**Source material**
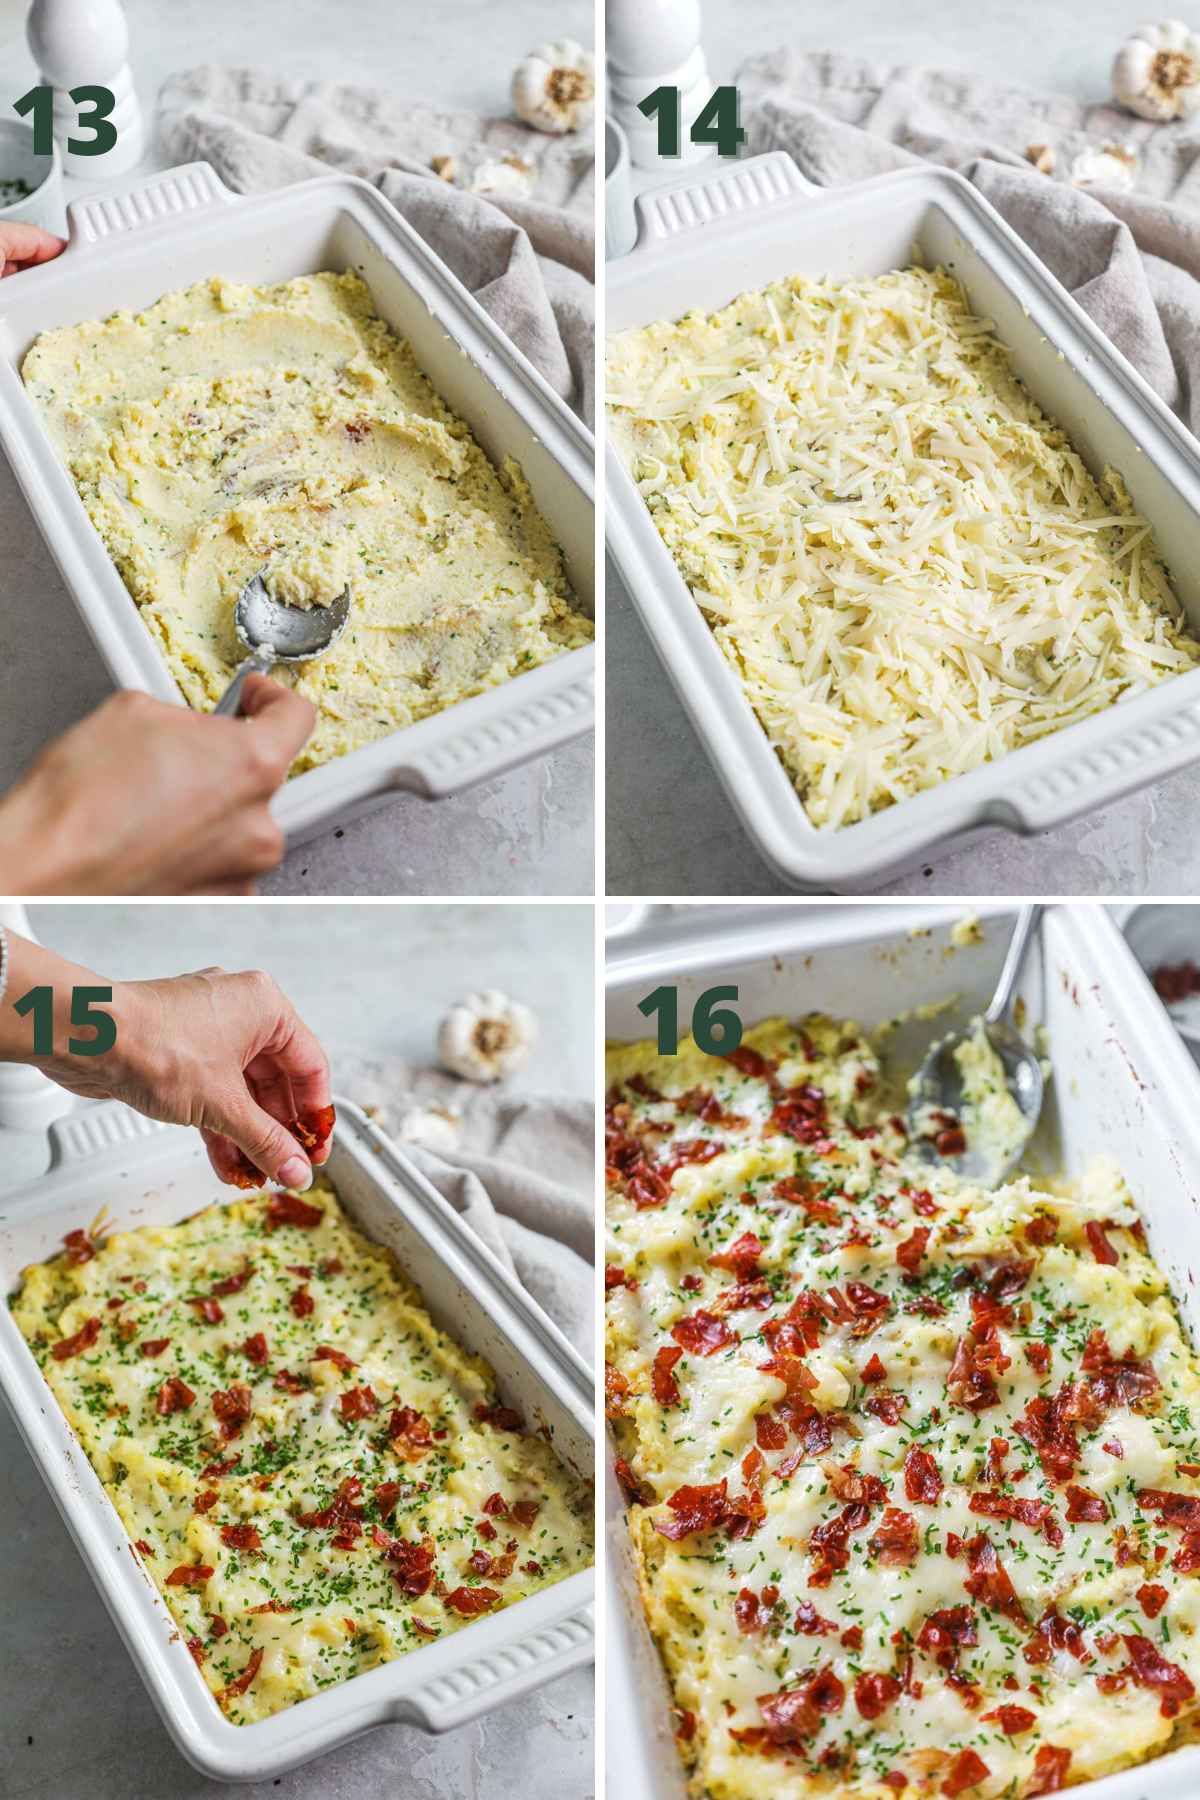 Steps to make twice-baked mashed potatoes, smooth out potatoes; sprinkle with gruyere; bake; top with crispy prosciutto and chives; serve.
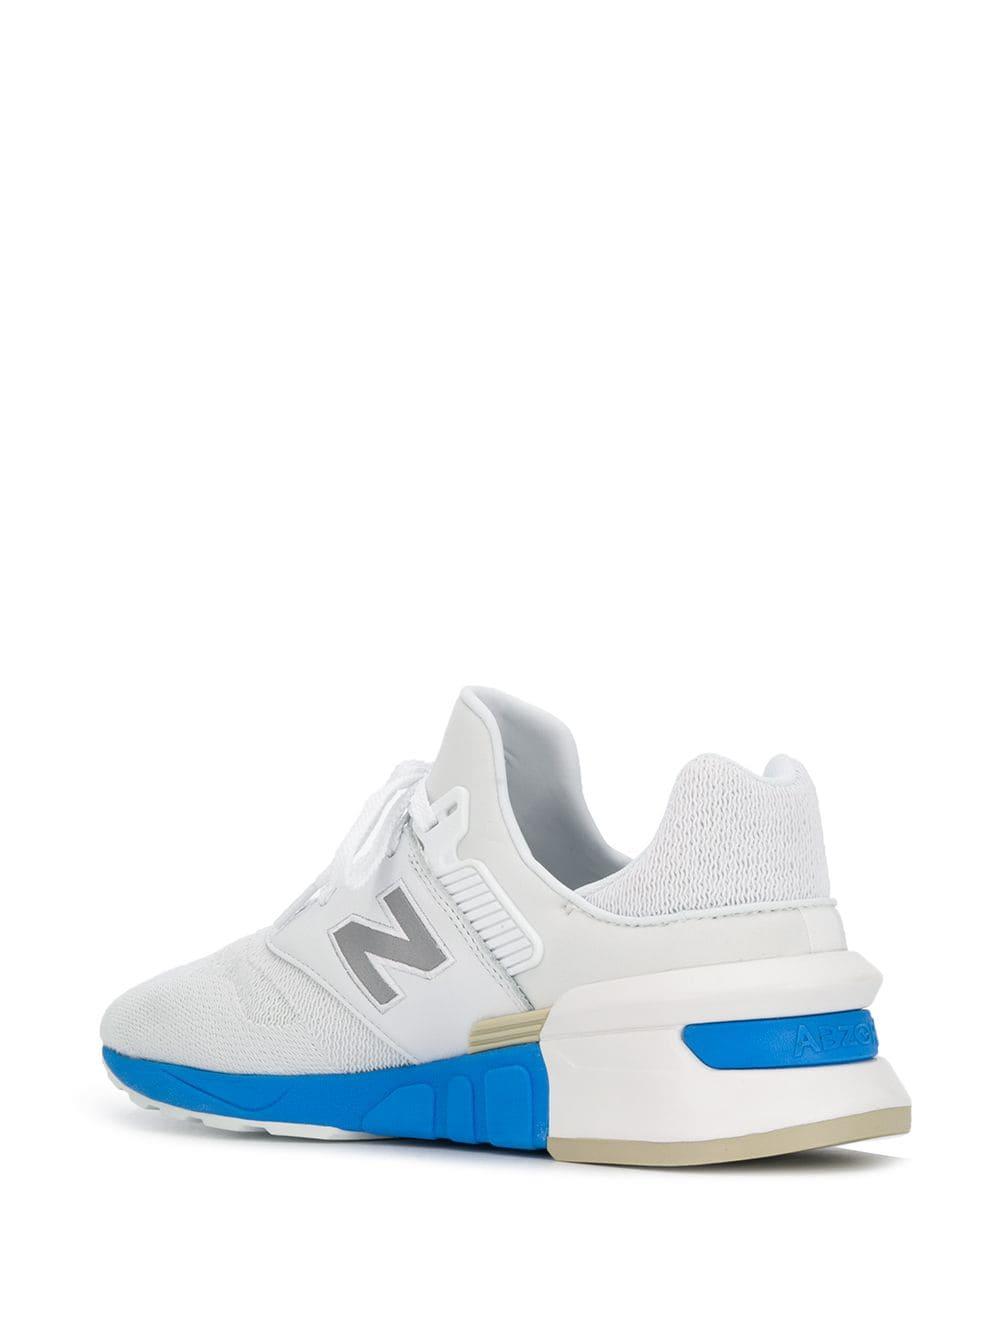 New Balance Leather Encap Reveal Sneakers in White for Men - Lyst
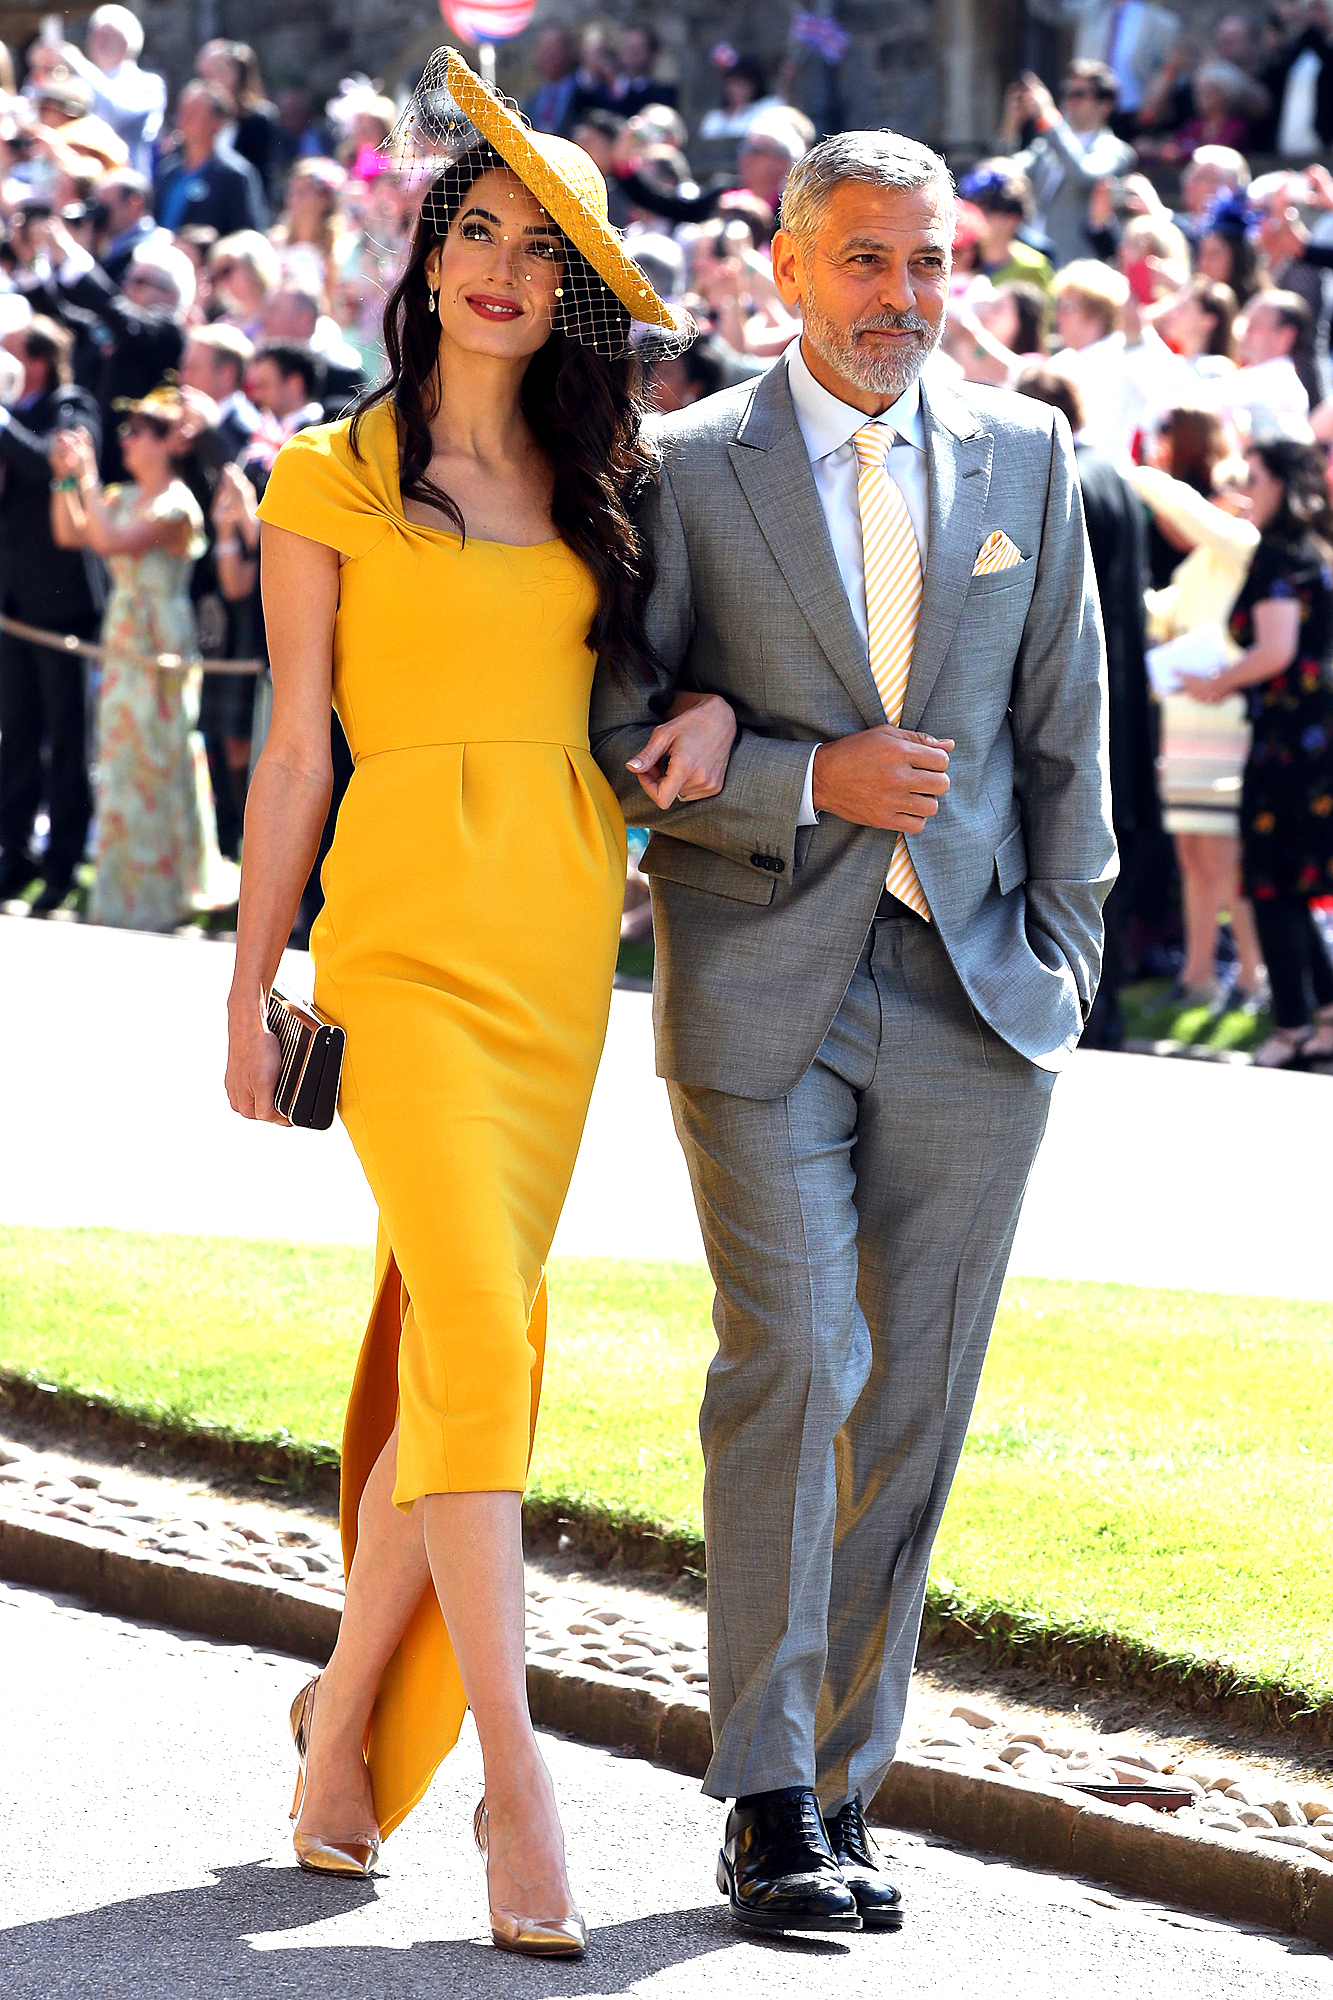 Amal Clooney at Prince Harry and Meghan Markle's Royal Wedding Wearing a Gorgeous Mustard Dress.

**Task details**
With the pictures removed, set down the entire listing exactly.

**Output for this exercise**
 Steps to make twice-baked mashed potatoes, smooth out potatoes; sprinkle with gruyere; bake; top with crispy prosciutto and chives; serve.
 New Balance Leather Encap Reveal Sneakers in White for Men - Lyst
 Amal Clooney at Prince Harry and Meghan Markle's Royal Wedding Wearing a Gorgeous Mustard Dress.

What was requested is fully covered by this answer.